ACTIVITY ::
Without any pictures, reproduce exactly the lines running from the line containing "Dumbo2 - KINOFILME AB 28.03.2019" through the end of the entries.

--- START ---

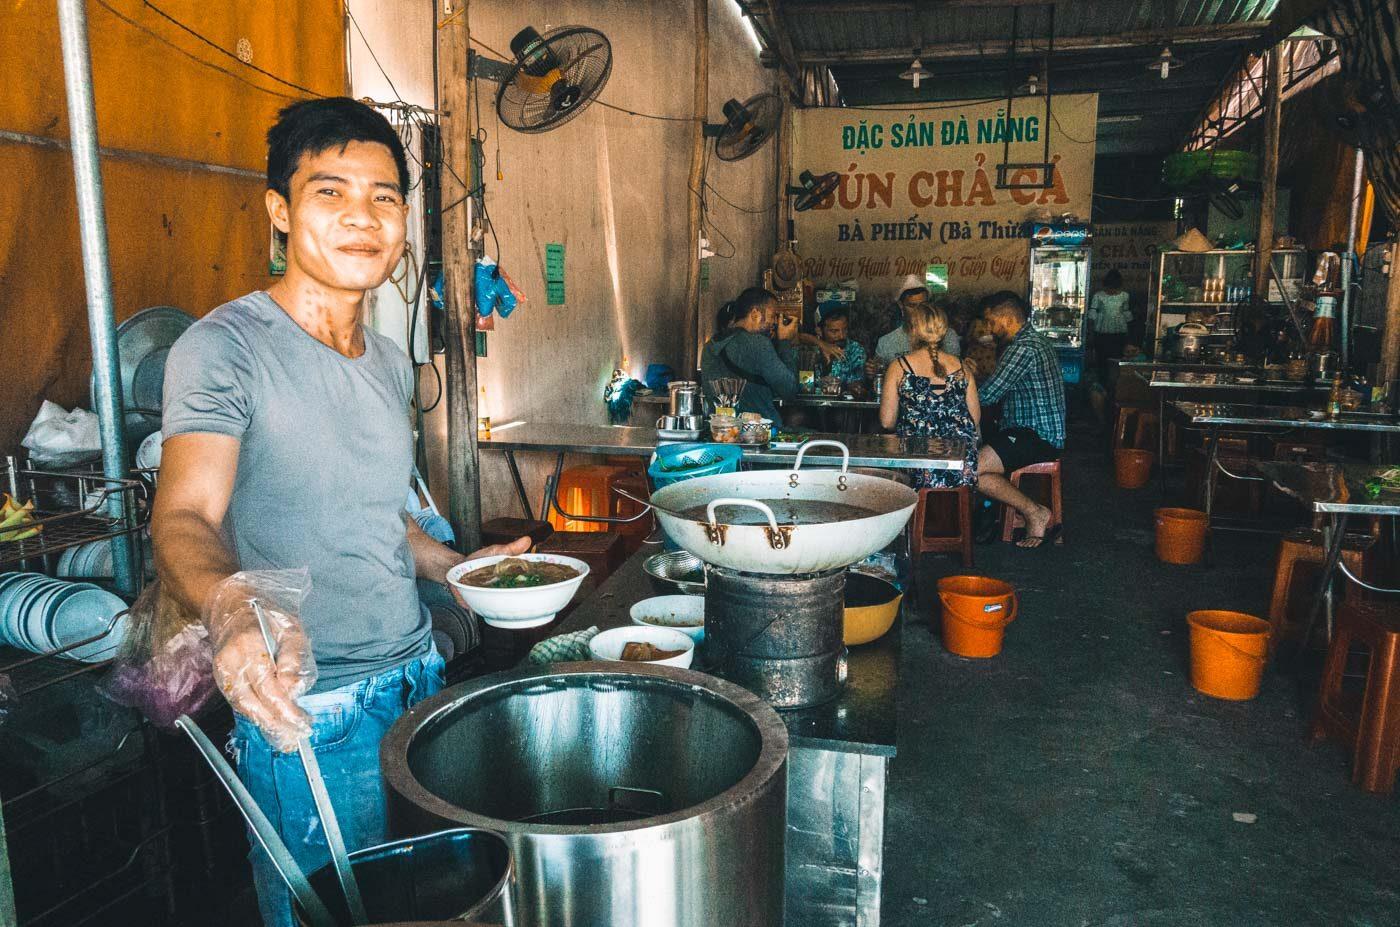 Small locally run restaurant in Hoi An, Vietnam
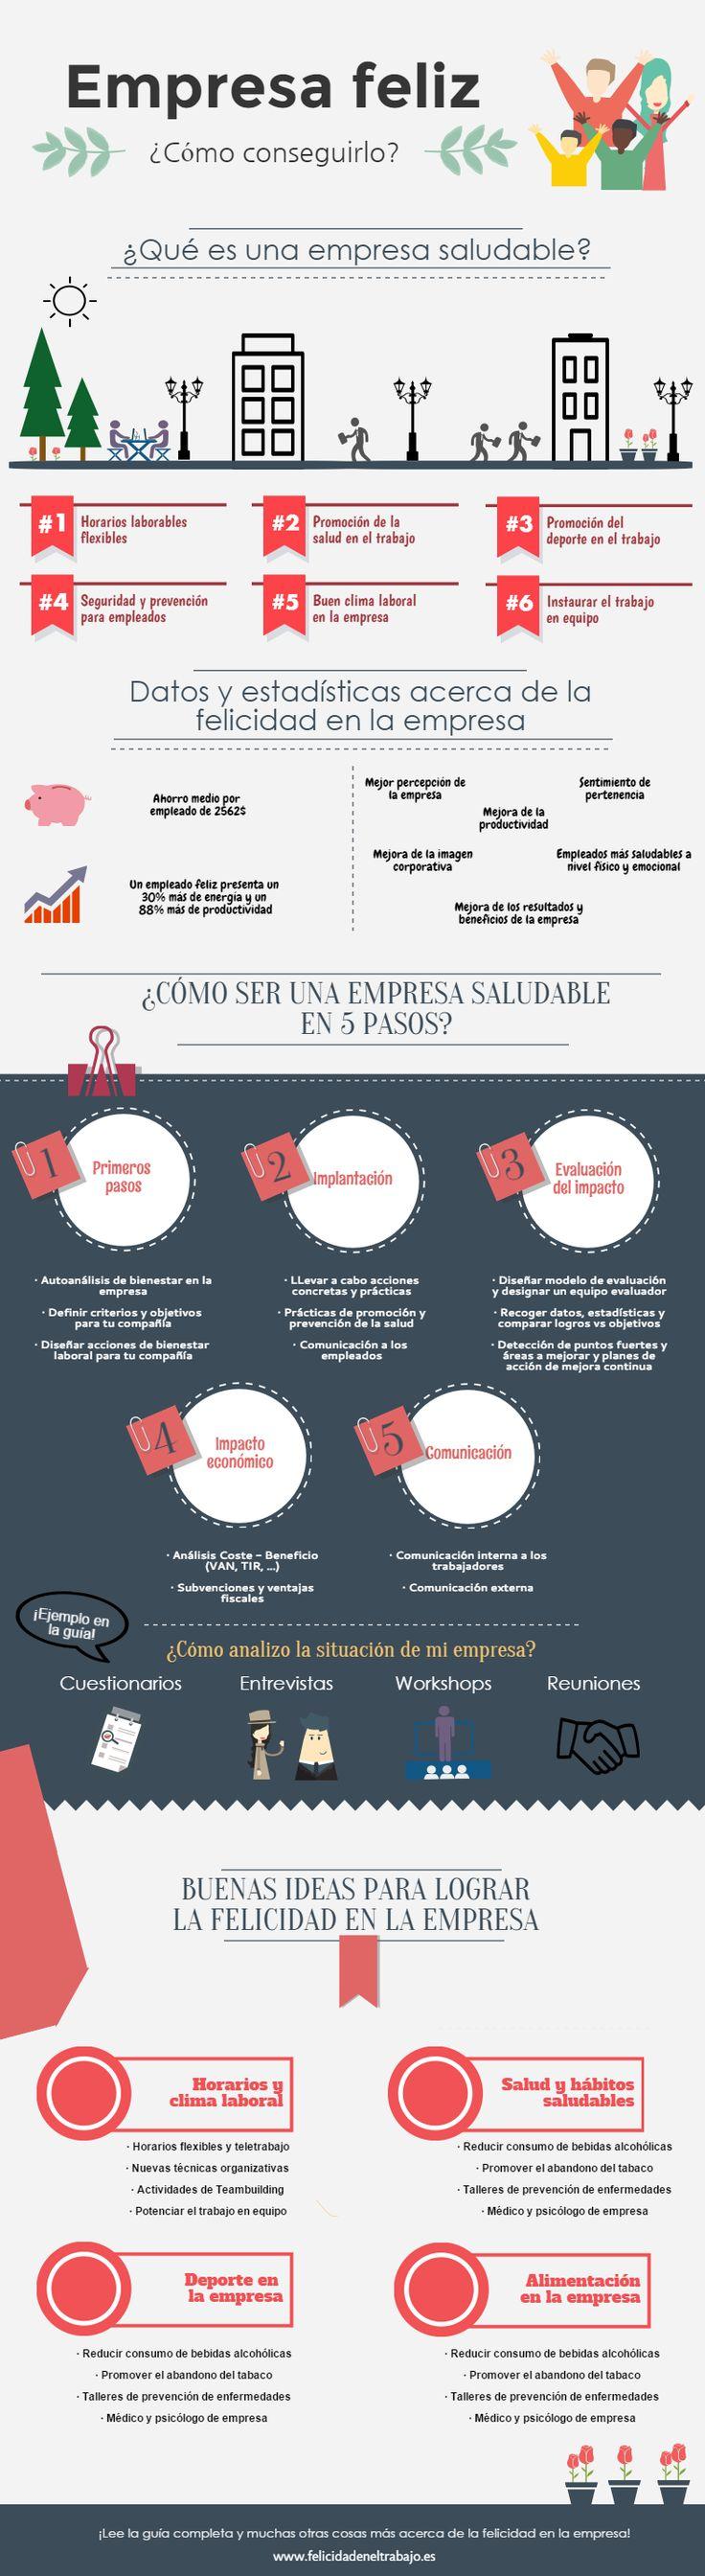 Empresa Feliz: guía para conseguir que tu empresa lo sea #infografia #infographic #rrhh
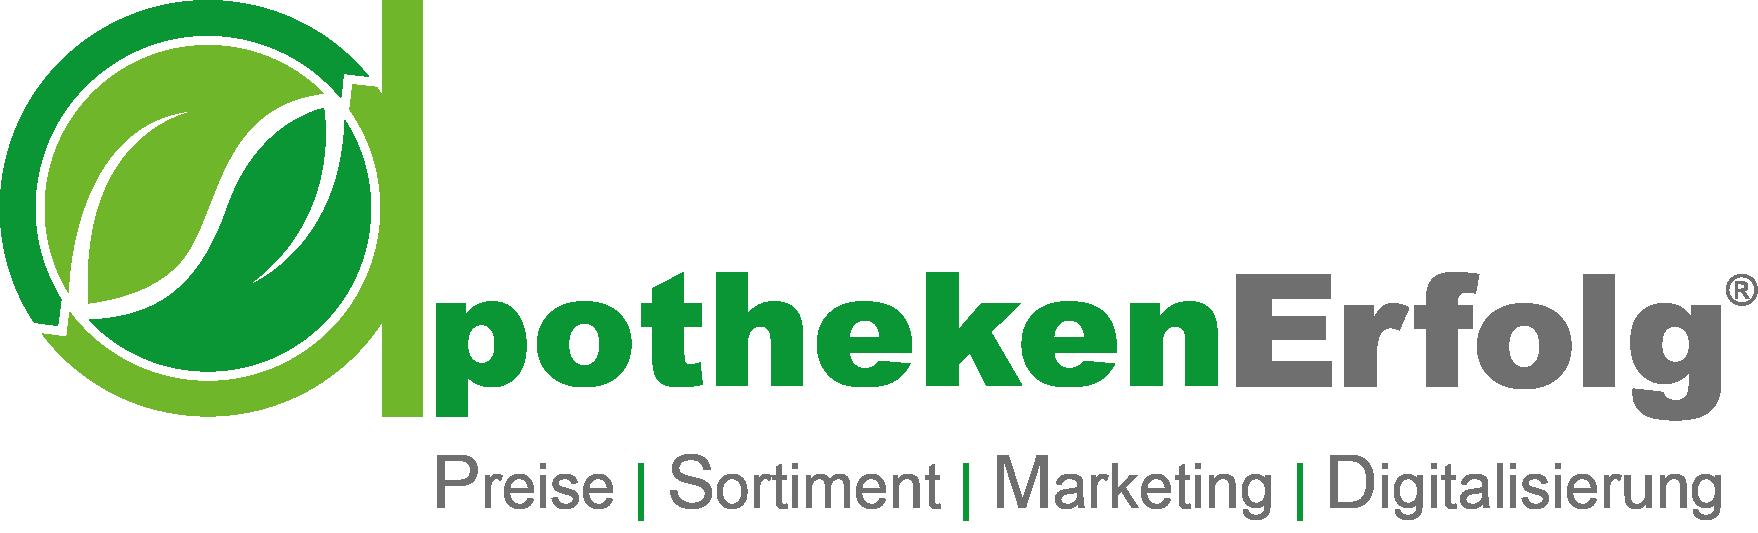 apothekenErfolg Logo - QUER (R) Slogan 1758x533
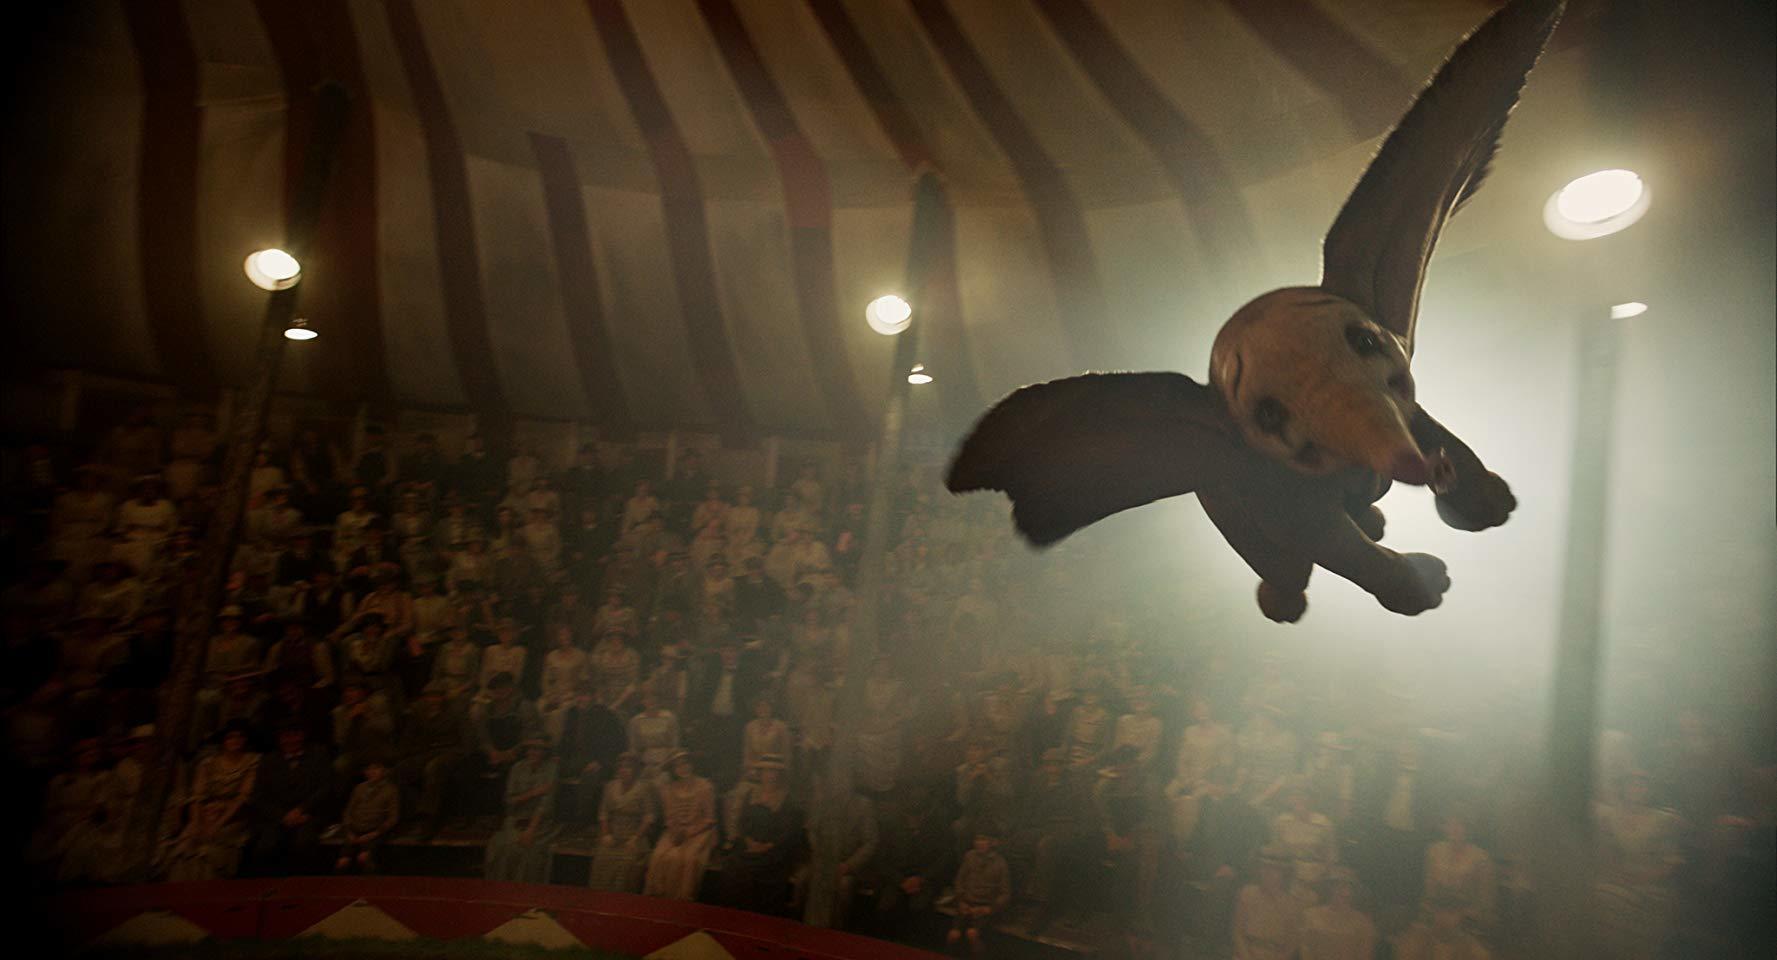 Dumbo2 - KINOFILME AB 28.03.2019
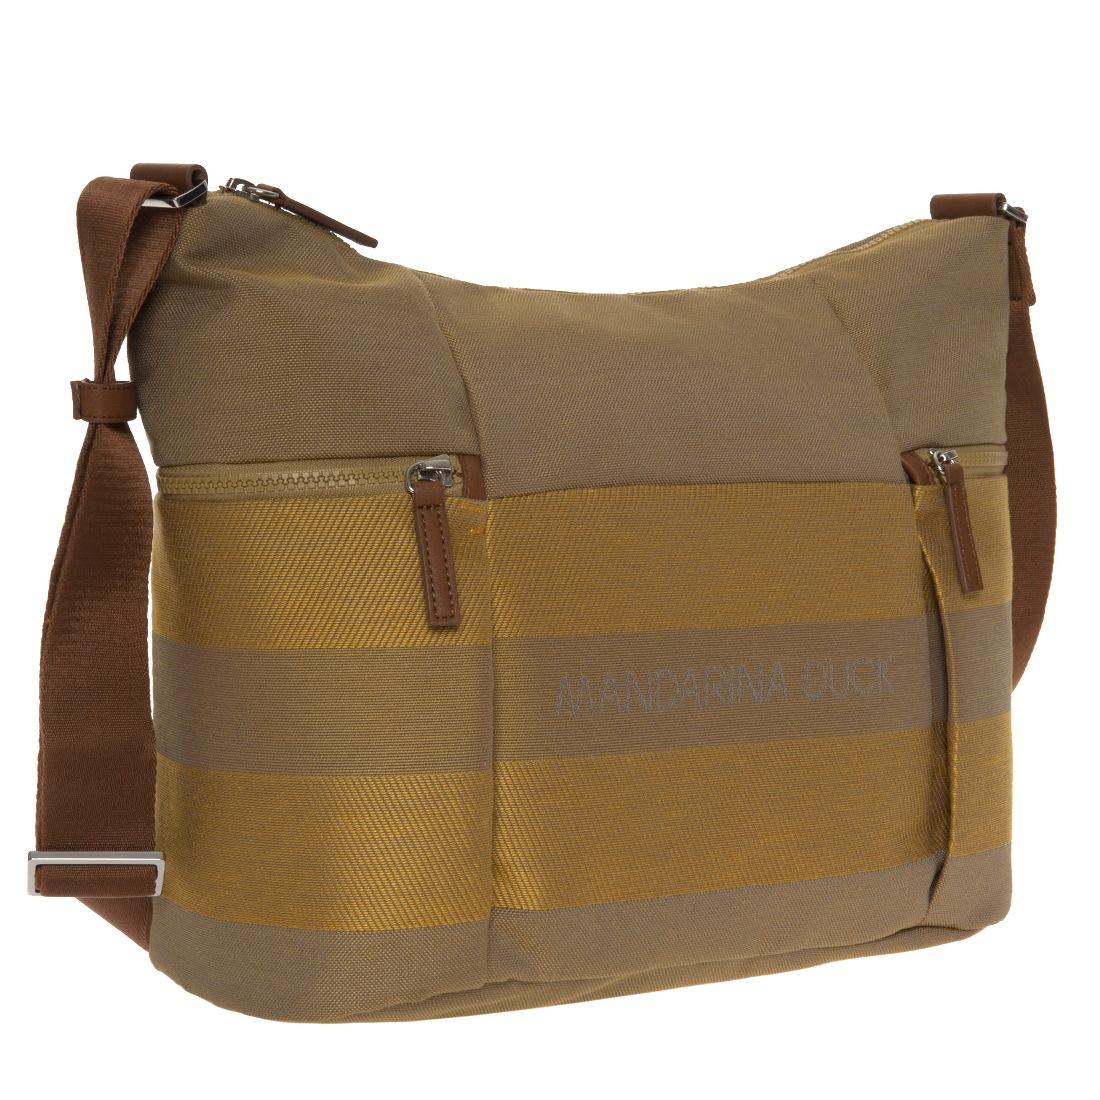 72e1108ae1 MANDARINA DUCK Borsa a Spalla SPEAK IIT01 Golden Yellow - Bagsabout

--- END ---

FINAL ANSWER ::
 Dumbo2 - KINOFILME AB 28.03.2019
 72e1108ae1 MANDARINA DUCK Borsa a Spalla SPEAK IIT01 Golden Yellow - Bagsabout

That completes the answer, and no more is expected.